A genomic screening was conducted in order to identify all the putative glycosyltransferase (GT) proteins encoded by Gloeocapsopsis sp. UTEX B3054 and related cyanobacteria. A thorough search revealed that Gloeocapsopsis sp. UTEX B3054 possesses at least 129 genes encoding GTs (Table 1), a similar number to its closest evolutionary relative Gloeocapsa sp. PCC7428. C. thermalis PCC7203, Gloeocapsa sp. PCC7428 and Gloeocapsopsis sp. UTEX B3054 possess the highest GTs/CDS ratio (Table 1), in comparison to Anabaena sp. PCC7120, Nostoc punctiforme, and Synechocystis sp. PCC6803. Gloeocapsopsis sp. UTEX B3054 and Gloeocapsa sp. PCC7428 presented the highest levels of GT variety, with 30 different types. Synechocystis sp. PCC6803 contains the lowest diversity of GTs, encoding only 21 different types. The results indicate that most of the predicted cyanobacterial GTs are organized in functional modules, with conserved enzymatic motifs structured in tandem (Supplementary Tables S2–S6) and several different predicted domains combined in a large pool of putative GTs proteins. Most GTs found in Gloeocapsopsis sp. UTEX B3054 and other cyanobacterial genomes (above 70%) belongs to the GT1 and GT2 families (Supplementary Tables S2–S6). Many GT genes were found inserted within genomic clusters associated to sugar metabolism, such as in contig PWI75_000047 (Figure 4), which contains 10 GTs and additional genes associated to sugar metabolism, whose orthologs in Anabaena sp. PCC7120 are up-regulated under desiccation (Yoshimura et al., 2007).

FIGURE 4

Figure 4. Gene cluster likely associated to desiccation tolerance mechanisms. This gene cluster contains 10 genes encoding for glycosyltransferases whose orthologs in Anabaena demonstrated to be overexpressed under desiccation conditions (Yoshimura et al., 2007). Gene locus: PWI75_04273 to PWI75_04293.

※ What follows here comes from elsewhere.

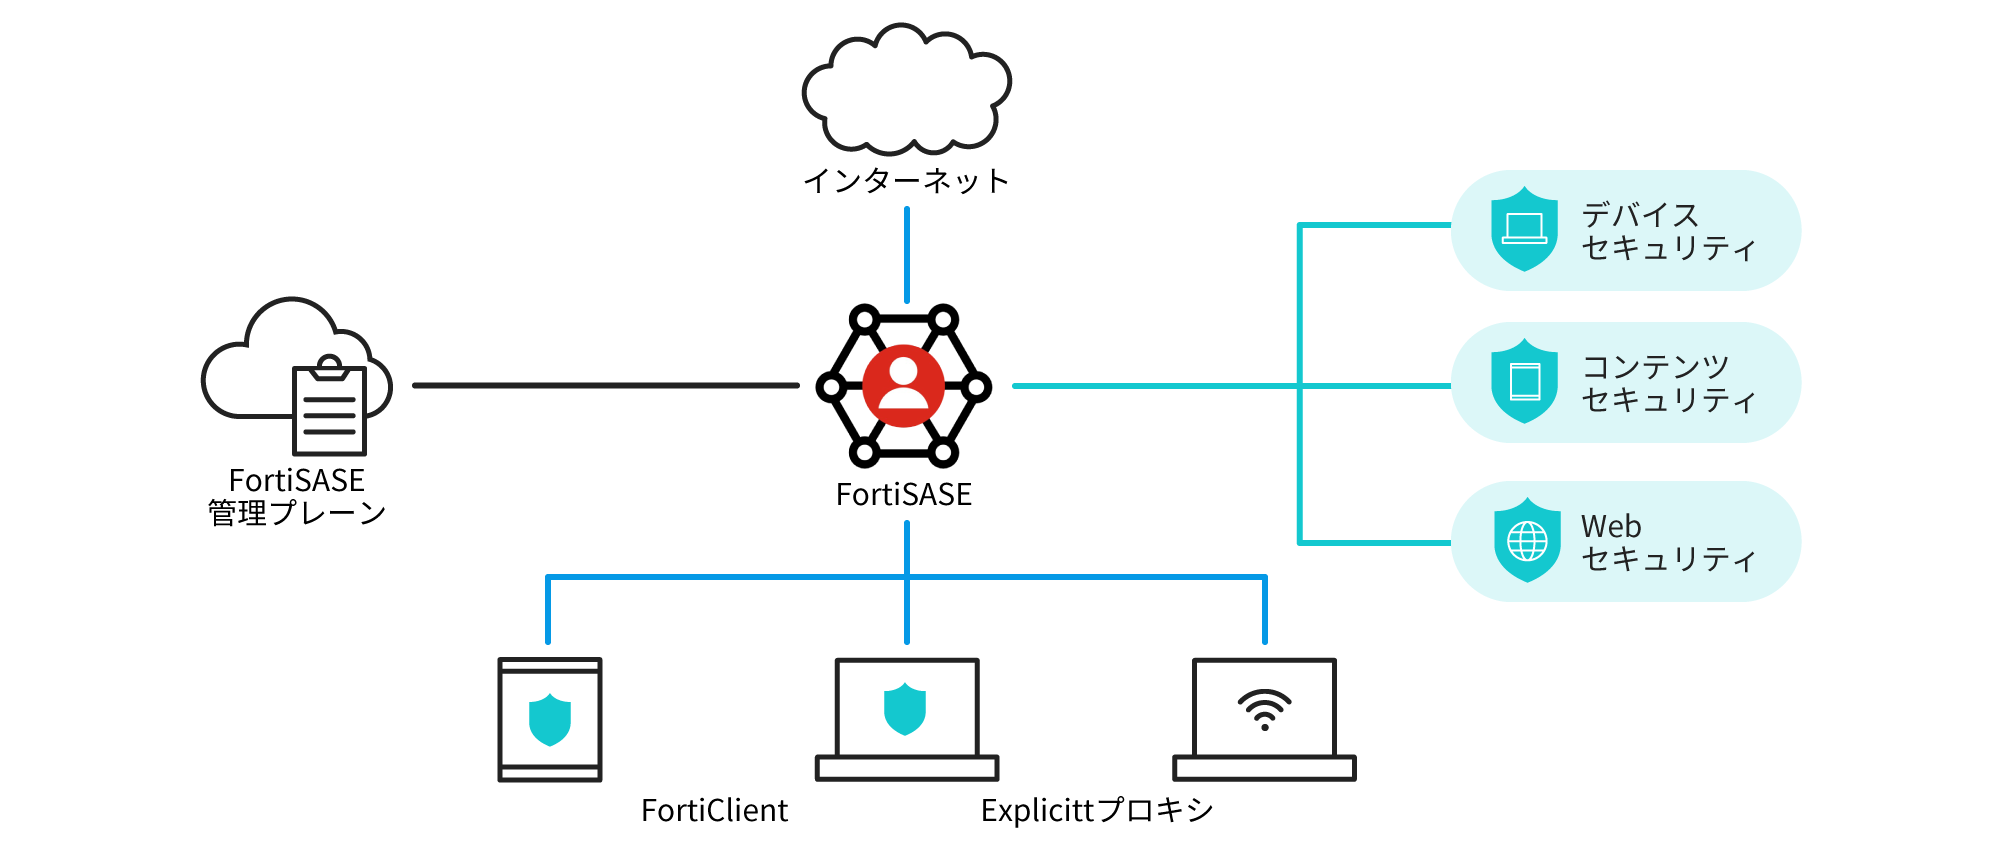 FortiClientとExplicittプロキシをつかい、FortiSASEからインターネットにアクセス。FortiClient管理プレーンと3つのセキュリティ (デバイスセキュリティ、コンテンツセキュリティ、Webセキュリティ)でセキュリティ対策。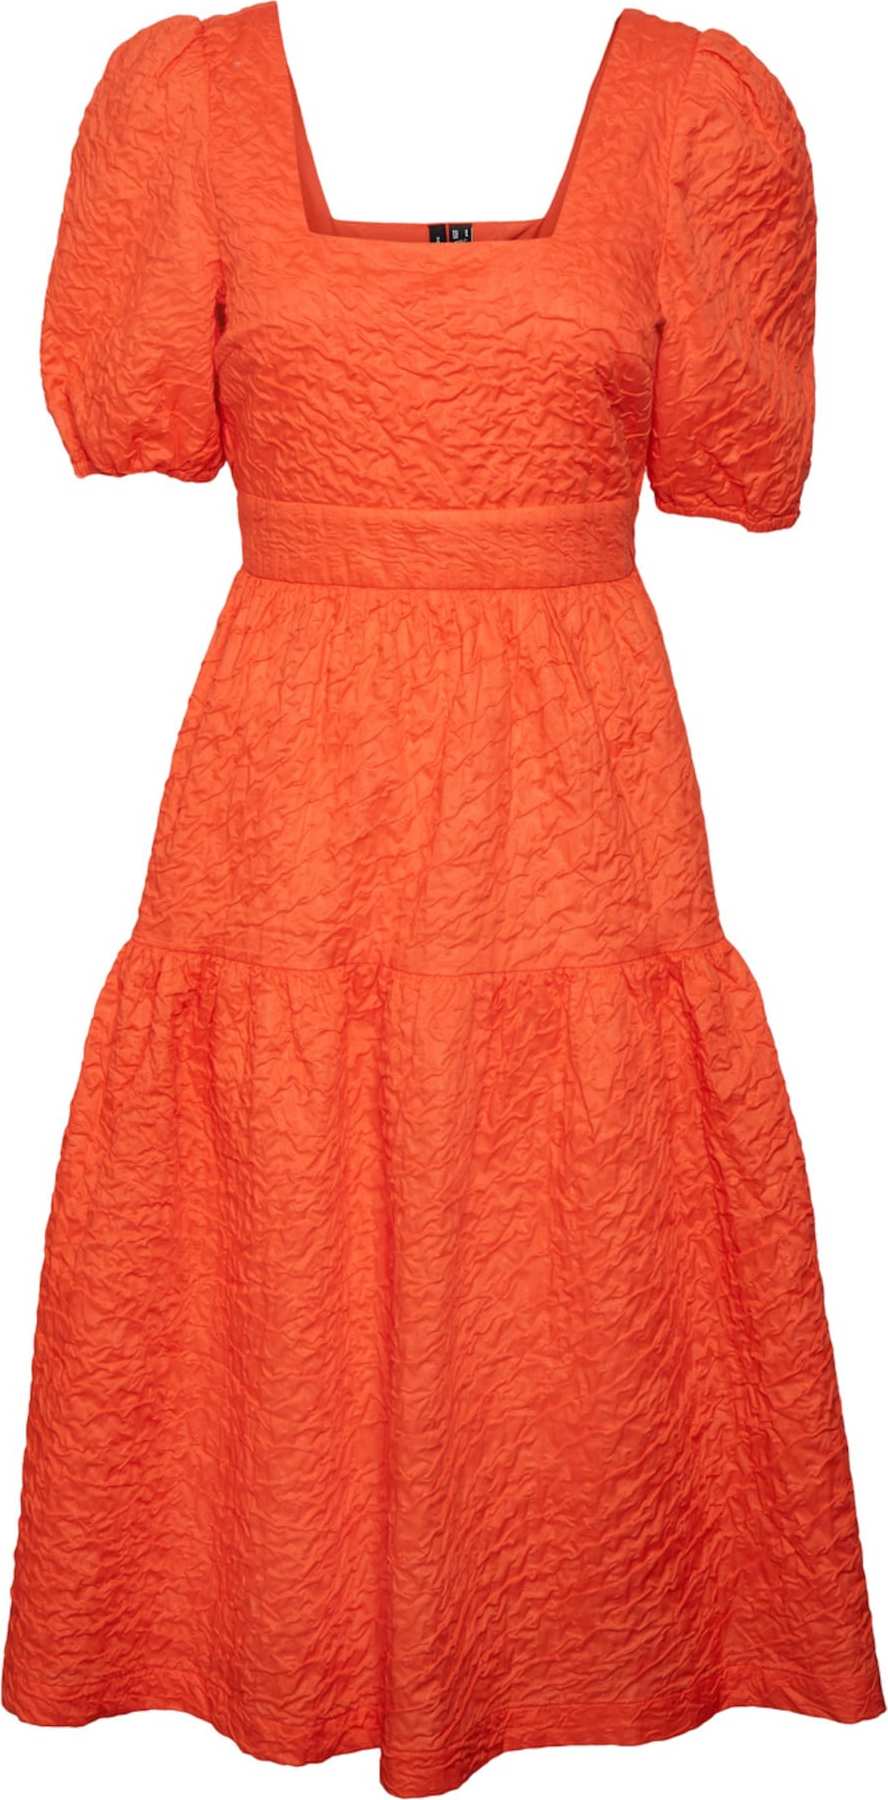 VERO MODA Šaty oranžově červená

The final step in extracellular polysaccharide biosynthesis comprises the assembly and translocation of the polysaccharide chains to the extracellular space. Three main pathways may carry out this step, which are the Wzy-dependent, the ABC-transporter dependent and the synthase dependent pathways (Pereira et al., 2009, 2015; Kehr and Dittmann, 2015). In Gloeocapsopsis sp. UTEX B3054, orthologs of genes associated with the three pathways for polysaccharide export were found (Table 2). In total, 223 genes representing 6.89% of the Gloeocapsopsis sp. UTEX B3054 genome are included in the cluster of orthologous gene (COG) category “Cell wall/membrane/envelope biogenesis”(not shown).

TABLE 2

Table 2. Genes associated to EPS export pathways in Gloeocapsopsis sp. UTEX B3054.

Discussion

As in many cultivable cyanobacteria, Gloeocapsopsis’s axenity turned out as one of the major challenge. Initial attempts in our laboratory to sequence the Gloeocapsopsis genome confirmed the persistence of heterotrophic bacteria in the culture that prevented effective cyanobacterial genome sequencing. Thus, in a first effort for sequencing the AAB1 enrichment using 454 pyrosequencing technology, of a total of 19.8 Mbp obtained, a strikingly 95.5% corresponded to heterotrophic bacteria belonging to 12 different genera. In the present study, single cell sorting allowed us to overcome this situation, recovering a less contaminated clonal culture at least to a workable degree.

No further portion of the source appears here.